Düğünlerden bahsetmiştim, yazları olur genelde. Ilık esen rüzgar saçlarımızı, birbiri etrafında dönen genç kızlar eteklerini uçururdu. Her şey çok güzeldi, ta ki birileri bu güzelliğin ortasına çomağı sokuncaya dek. Belde yönetimi kıskanmıştı ayışığımızı, koca bir direk dikti köyün ortasına, düğün alanının elli metre uzağına. Bir sokak lambası… Başta karşı çıkıp devirmeye kalktık, demir yumruk iniverdi tepemize. Kravatlı adamlardan gelen emirlere karşı çıkacak kadar güçlü değildik. Düğün vardı o gece, bir sonraki düğünse benimkiydi. Adet gereği ortaya aldılar bizi, güzel bir dans ettik nişanlımla, hayran kaldı herkes. Daha sonra şarap fıçıları geldi ve eğlence hiç bitmeyecekmiş gibi sürdü gece boyunca. Ana babalarından gizli şarap aşıran çocuklar, sarhoşluklarını sokak lambasına işeyerek yaşadı. Gençler ise dans ederek, yaşlılar alkışlayarak. Demir yumruk dedim ya, indi bir kere tepemize ve gösterdi lanet yüzünü. Yıllardır olmadık bir şey nüksetti, iki genç birbirine girdi. Soluğu sokak lambasının altında aldılar. Bir yumruk, iki yumruk, üç yumruk derken yere düştü cılız olan. İri kıyım dostumuz rakibini nakavt etmekte kararlıydı. Alışık olduğum bir şey değildi kavga, elim ayağım titredi, kısık bir sesle yapmayın deyiverdim sadece, dinletemedim. Ağzı yüzü toprakla kaplanan cılız, cebinden bir bıçak çıkardı. Köşede duran kalası alıp, vurmak istedim vazgeçsin diye, yapamadım, titredim sadece. Müzik ve dans devam ederken iri kıyım dostum kanlar içinde yere yığıldı. Cılız olan var gücüyle kaçtı, peşine takılanın kim olduğunu gördüğümdeyse bir şeylerin ters gittiğini ve bir daha asla düzelmeyeceğini anladım, bir daha asla…

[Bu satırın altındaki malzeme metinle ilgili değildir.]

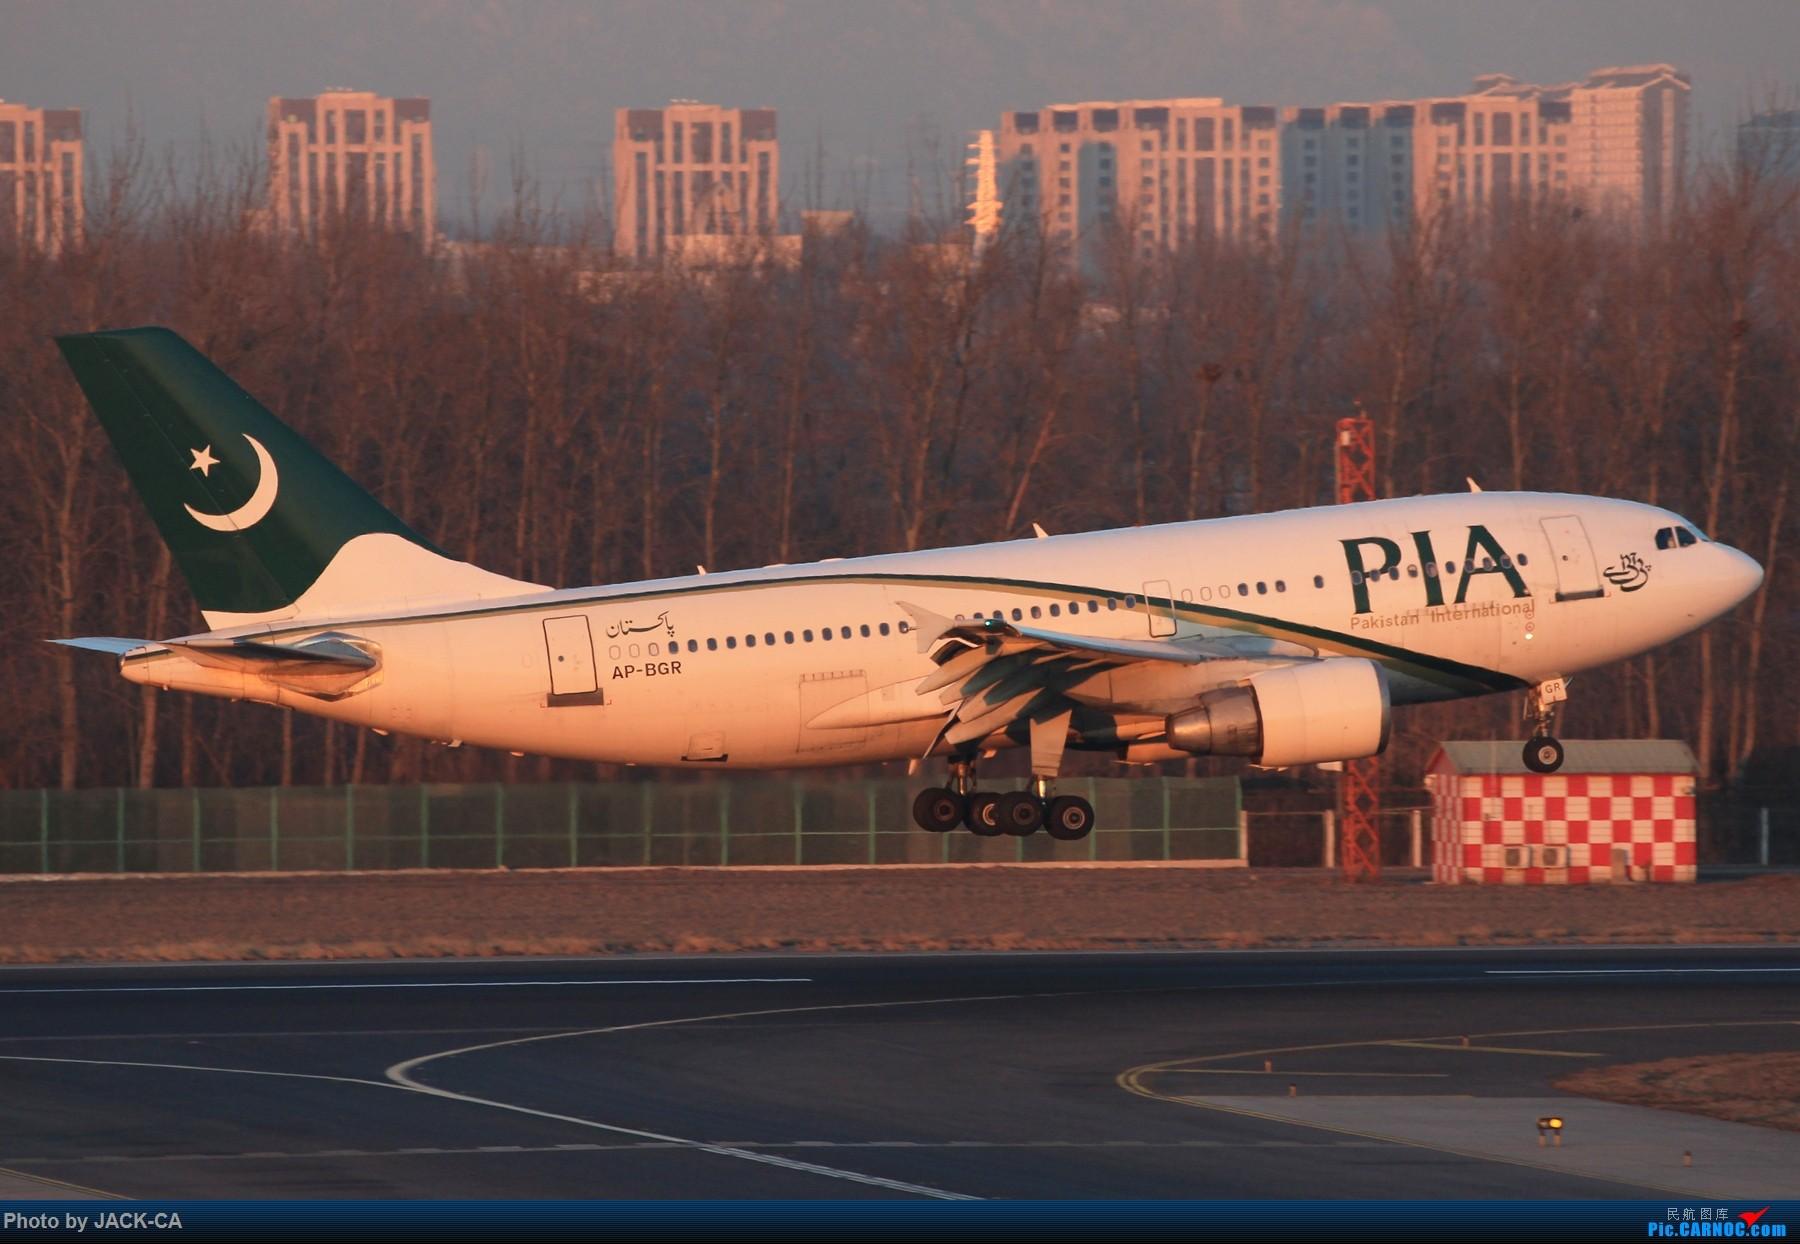 Re:[原创]【组图】北京拍机之苏活视角 AIRBUS A310-200 AP-BGR 中国北京首都国际机场

Olan bitenden habersiz köy halkı dansa devam ederken, patırtıyı duyanlar naaşı kaldırmak için sokak lambasının altına geldi. Az önce cinayeti işleyen yüzü yediği yumruklar yüzünden darmaduman olmuş cılızın peşine takılan adam nefes nefese geldi olay yerine. Lakabı Tekinsiz’di. Sebebini ise ertesi sabah anlayacaktım.

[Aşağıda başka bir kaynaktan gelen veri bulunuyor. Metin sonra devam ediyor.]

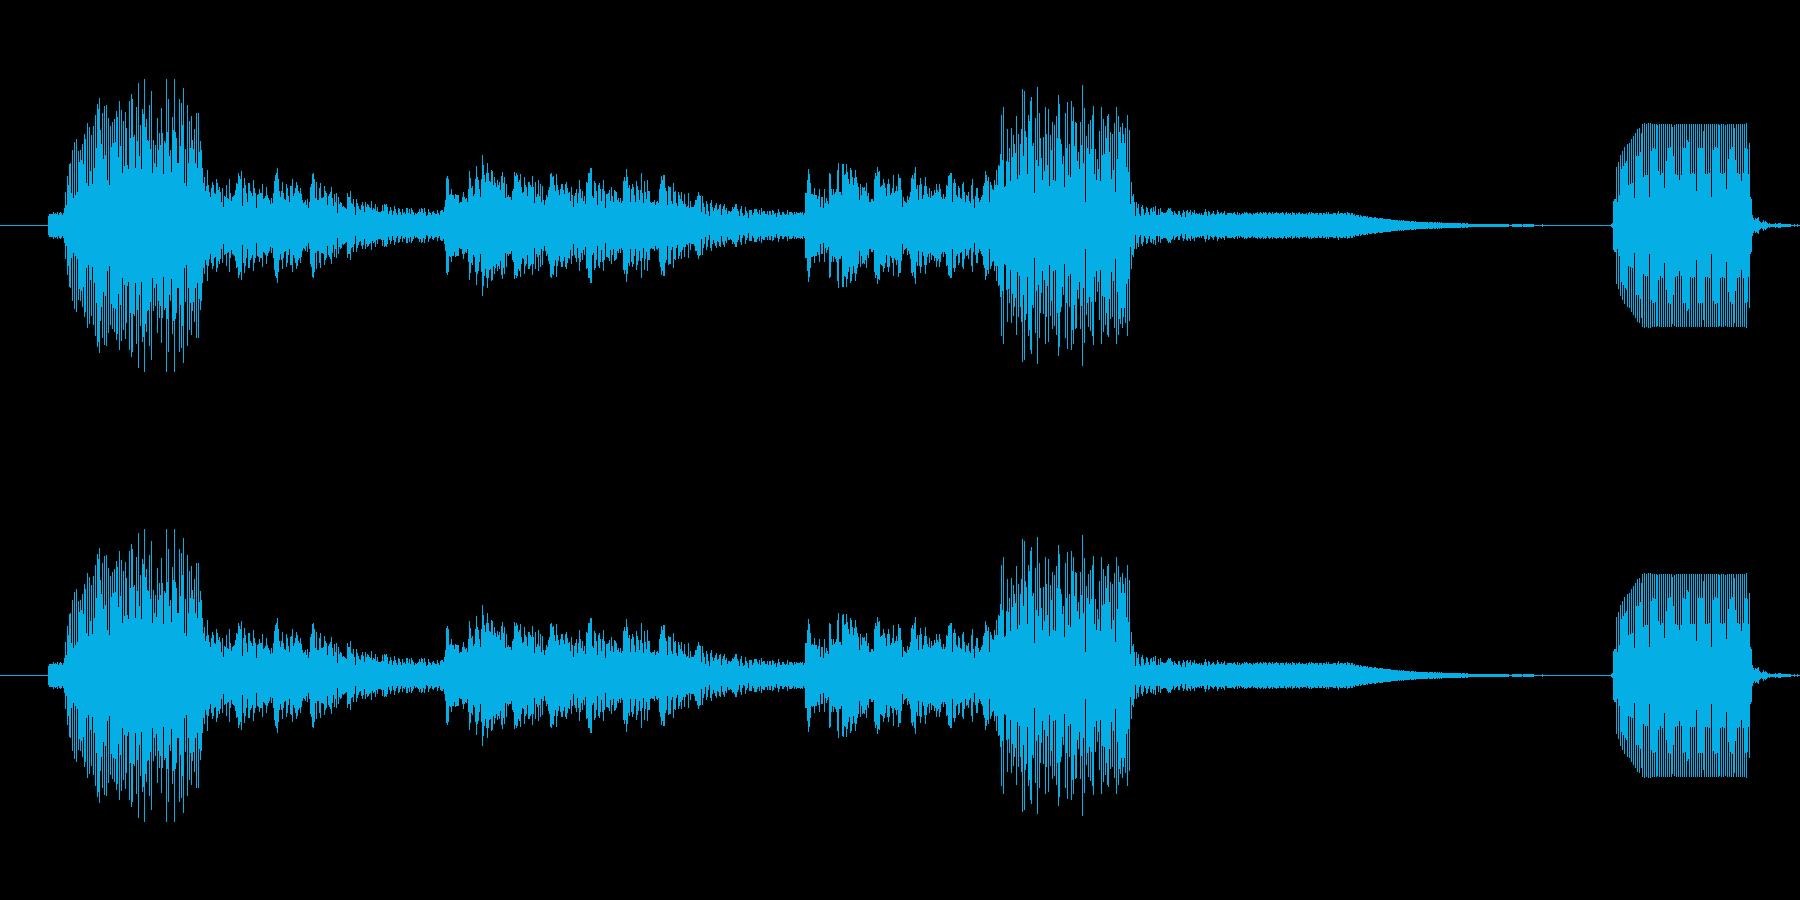 追跡デバイスがオン;コンピューター処理。の再生済みの波形

“Sen yaptın! Senin yüzünden oldu! O kalası nasıl vuramadın kafasına, nasıl sessiz kaldın benim yegane oğlumun ölümüne! Ama ne yapacağımı çok iyi biliyorum. Daima yalnız, daima tek kalacaksın. Herkes uyurken uyanık kalacak, onlar uyandığında uyuyacaksın. Benim oğlum ölürken öylece kalakaldın ya, ebediyen kalacaksın, öylece!”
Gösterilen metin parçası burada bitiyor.